# Apache auf richtigen Unterordner zeigen lassen??



## zedriq (31. Aug. 2010)

Hallo zusammen,

irgendwie schaffe ich es nicht auf den richtigen Unterordner zu verweisen. Der Apache ist installiert und bei Eingabe der IP zeigt er auch das obligatorische *It works!* an, welches bekanntlicherweise in Form einer *index.html* im Unterordner */usr/share/apache2/default-site *liegt.

Die anzusprechende Webseite liegt aber im Unterordner _*/home/test/v2*_.

Wo muss ich dies nun konfigurieren, damit ich bei Eingabe der IP/Alias auf automatisch auf dieses Unterverzeichnis verweise.
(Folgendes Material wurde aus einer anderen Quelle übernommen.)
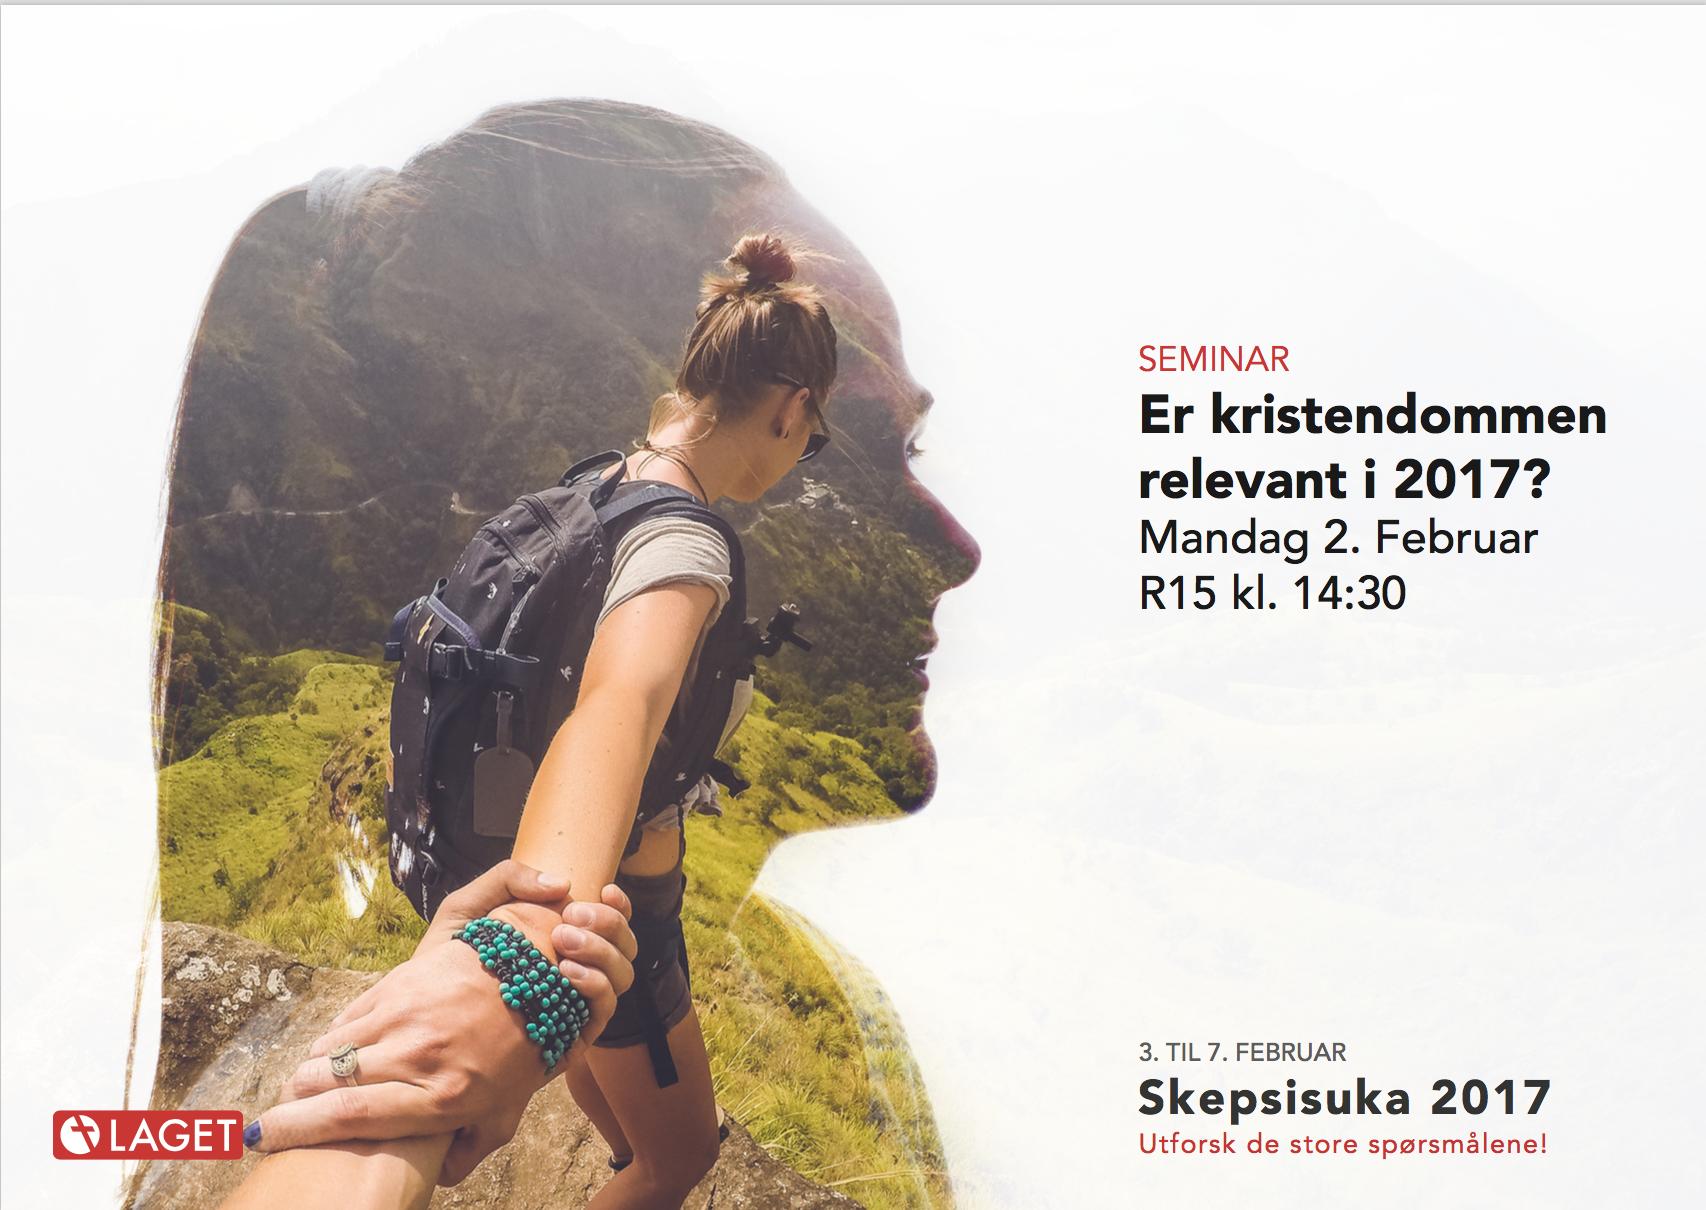 Skjermbilde 2017-07-17 kl. 11.38.24.png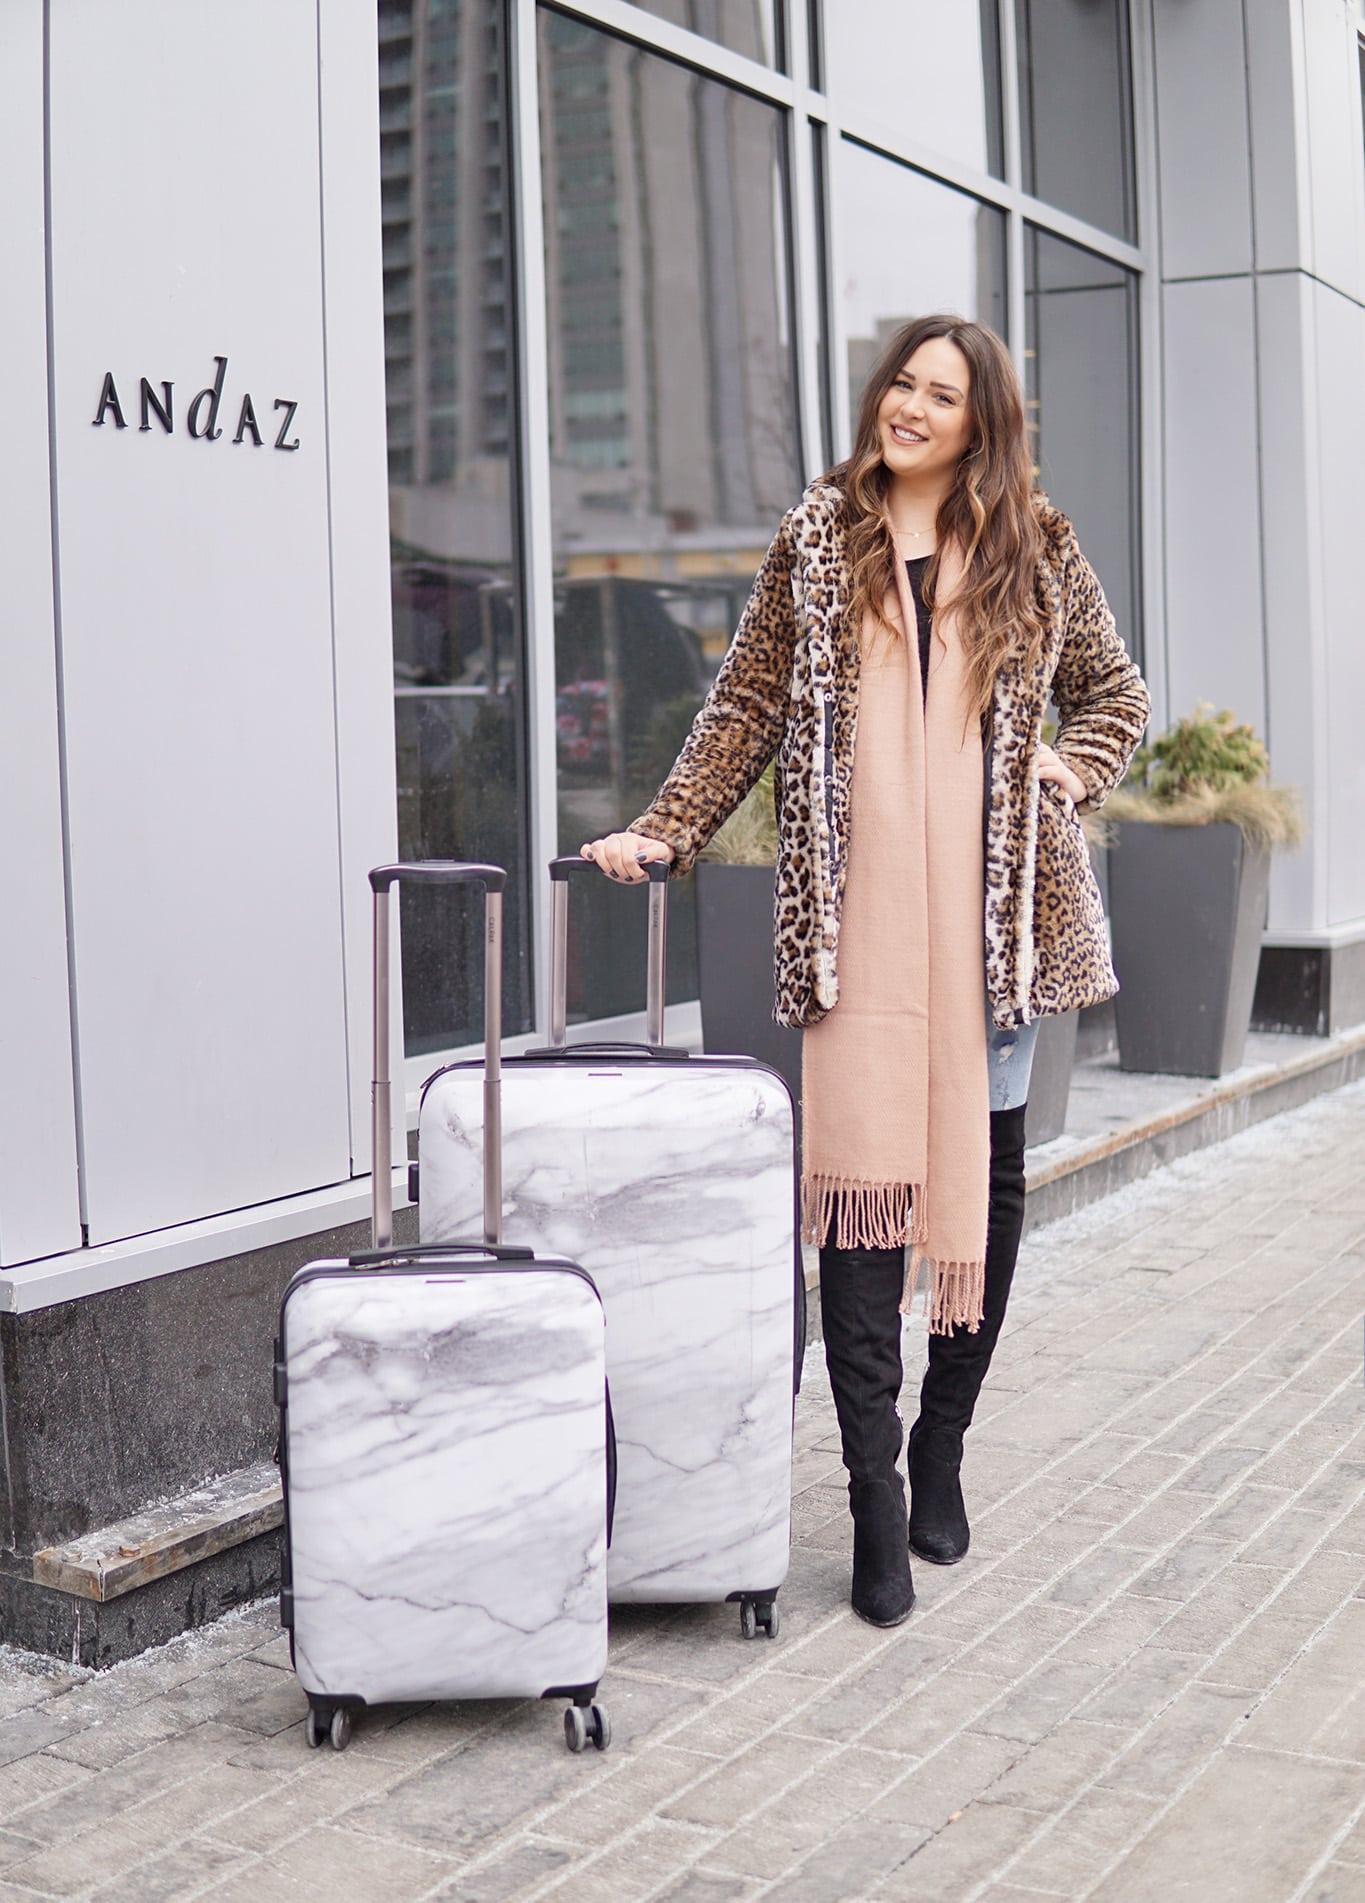 leopard print jacket outfit idea beauty blogger Mash Elle marble print suitcase Andaz

Dazu noch eine Frage am Rande: Die Webseite basiert auf Nuke 7.8. Muss ich in Nuke auch etwas einstellen, damit Nuke weiss, in welchem Unterordner (und abwärts) es sich bewegen muss?

Bitte um Hilfe, da ich echt nicht weiterkomme.


----------



## csiebert (6. Sep. 2010)

hast du denn schon einen vhost dafür angelegt?


----------



## zedriq (6. Sep. 2010)

hmm...stelle die frage hier nur in vertretung, daher kann ich nicht sagen ob oder ob nicht... 

sorry for that.

gehen wir mal davon aus, dass nicht...

wie/wo legt man diesen denn an?

lg, zed


----------



## csiebert (6. Sep. 2010)

ausgehend davon, dass du kein ispconfig verwendest, legst du sie in dem ordner an, in dem deine apache-konfig sie erwartet. bei debian ist das /etc/apache2/sites-available

nimm dir einfach die konfiguration _default _und passe sie deinen bedürfnissen an. anschließend einen symlink im ordner /etc/apache2/sites-enabled erstellen, a2ensite _vhost _erledigt dies automatisch für dich. anschließend _/etc/init.d/apache2 reload_ ausführen, und schon läufts...

gruß, chris


----------



## zedriq (6. Sep. 2010)

danke vielmals! 
das klingt schonmal vielversprechend und leite ich erstmal so weiter.

ich melde mich bei bedarf wieder.

lg, zed


----------



## zedriq (21. Okt. 2010)

Nach längerer Zeit haben wir endlich mal Zeit finden können, und der Angelegenheit annehmen zu können. Leider funktioniert es immer noch nicht. 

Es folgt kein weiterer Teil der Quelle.